【译】深入解析现代边缘计算函数的技术架构与代码实现（Exploring the infrastructure and code behind modern edge functions）【原文】

At this point, the internet has a fully global reach. If you create a successful web or mobile app, you could have users on every continent (maybe not Antarctica). When they load up your app, they want it to be fast and relevant to them. That’s where edge computing comes in — it runs code and serves data from servers (points-of-presence) as close as possible to the client.

如今，互联网已经实现了全球化覆盖。如果你开发了一个成功的网络或移动应用，你可能会在世界各大洲都拥有用户 (也许南极洲除外)。当用户打开你的应用时，他们都期望获得快速的响应和与己相关的内容。这就是边缘计算 (Edge Computing) 的用武之地 —— 它通过部署在离用户最近的节点 (POP，服务接入点) 来运行代码和提供数据服务。

Companies like Vercel, Netlify, and Supabase have taken that a step further and created edge functions. These are bits of code that, when you deploy your site to these providers, get syndicated around the world to be executed as close and as fast as possible for local users who hit the site or app. It allows not just maximizing web performance for users worldwide, but also other just-in-time modifications that customize the web app for the local viewer.

Vercel、Netlify 和 Supabase 等公司在这一基础上更进一步，推出了边缘函数 (Edge Functions) 服务。当你将网站部署到这些平台时，这些代码片段会被分发到全球各地，为访问网站或应用的本地用户提供最近距离、最快速度的执行环境。这不仅能为全球用户优化网络性能，还能实现实时定制，为不同地区的用户提供本地化的网络应用体验。
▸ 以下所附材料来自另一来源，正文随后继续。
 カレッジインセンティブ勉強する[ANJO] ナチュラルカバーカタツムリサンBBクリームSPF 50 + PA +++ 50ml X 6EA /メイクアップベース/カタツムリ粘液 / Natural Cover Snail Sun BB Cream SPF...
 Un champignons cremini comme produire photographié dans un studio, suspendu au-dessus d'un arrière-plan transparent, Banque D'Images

It can make the world feel like your data center, but it’s an extension of content delivery networks: instead of serving heavy assets like images or video, they execute code. “There's these other traditional network companies that help connect the world's data transmission,” said Dana Lawson, Senior Vice President of Engineering at Netlify, “but there's this new abstraction of that where you have the ability to execute code.”

这项技术让全球各地都成为你的虚拟数据中心，它是内容分发网络 (CDN) 的一种延伸：不同的是，它执行的是代码，而不是分发图片或视频等大型文件。正如 Netlify 工程高级副总裁 Dana Lawson 所说："传统的网络公司致力于连接全球数据传输，而现在我们有了新的技术抽象层，使得我们能够在全球范围内执行代码。"
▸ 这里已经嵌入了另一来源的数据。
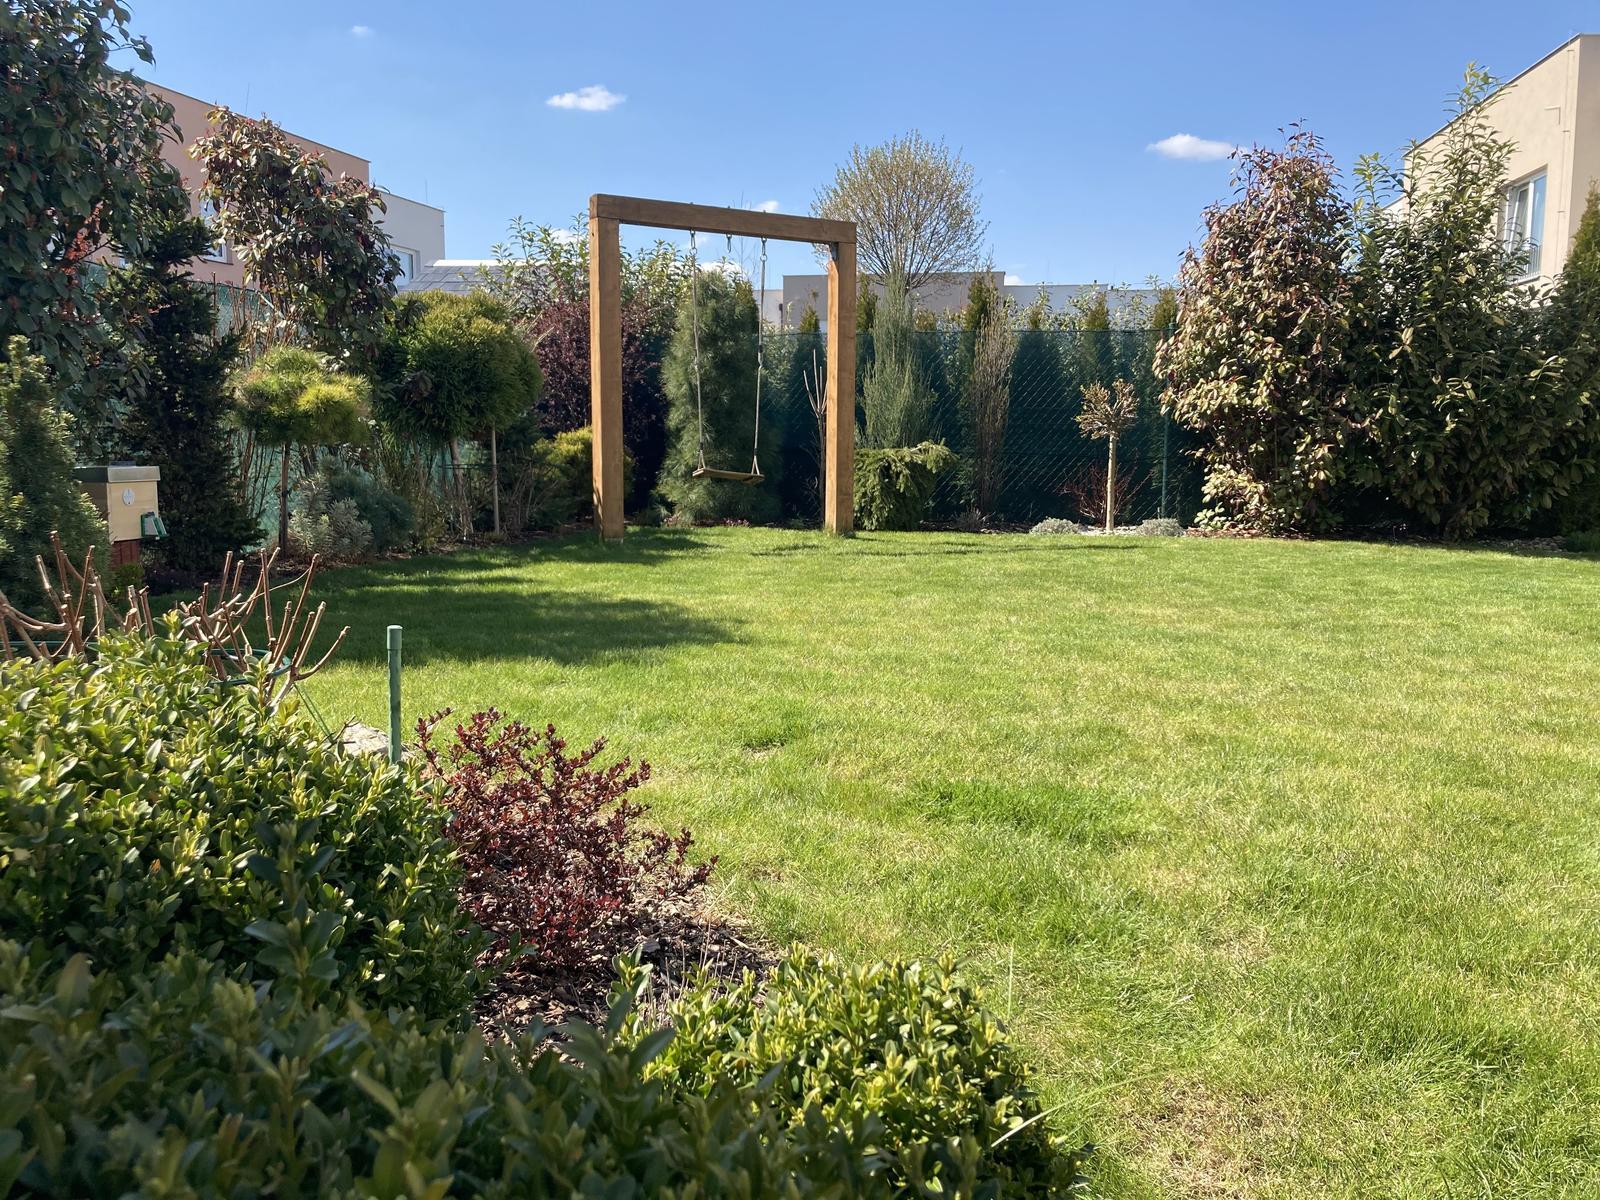 Doma i v zahradě - Obrázek č. 38

This article will talk about that abstraction layer and the hardware it runs on, as well dive into the use cases for code that runs as local as possible for your users. For information on how it all works, I spoke with Malte Ubl, CTO at Vercel, Chris Daley, Principal Software Engineer at Akamai Technologies, and Lawson. The folks at Deno also gave me a brief statement and a link to a blog post that covered the same ground as this article.

本文将详细探讨这一技术抽象层及其底层硬件架构，同时深入分析为用户提供本地化代码执行的应用场景。为了深入了解其运作机制，我采访了 Vercel 的首席技术官 Malte Ubl、Akamai Technologies 的首席软件工程师 Chris Daley 以及 Lawson。Deno 团队也提供了一份简短说明和一篇相关博客文章，内容与本文主题不谋而合。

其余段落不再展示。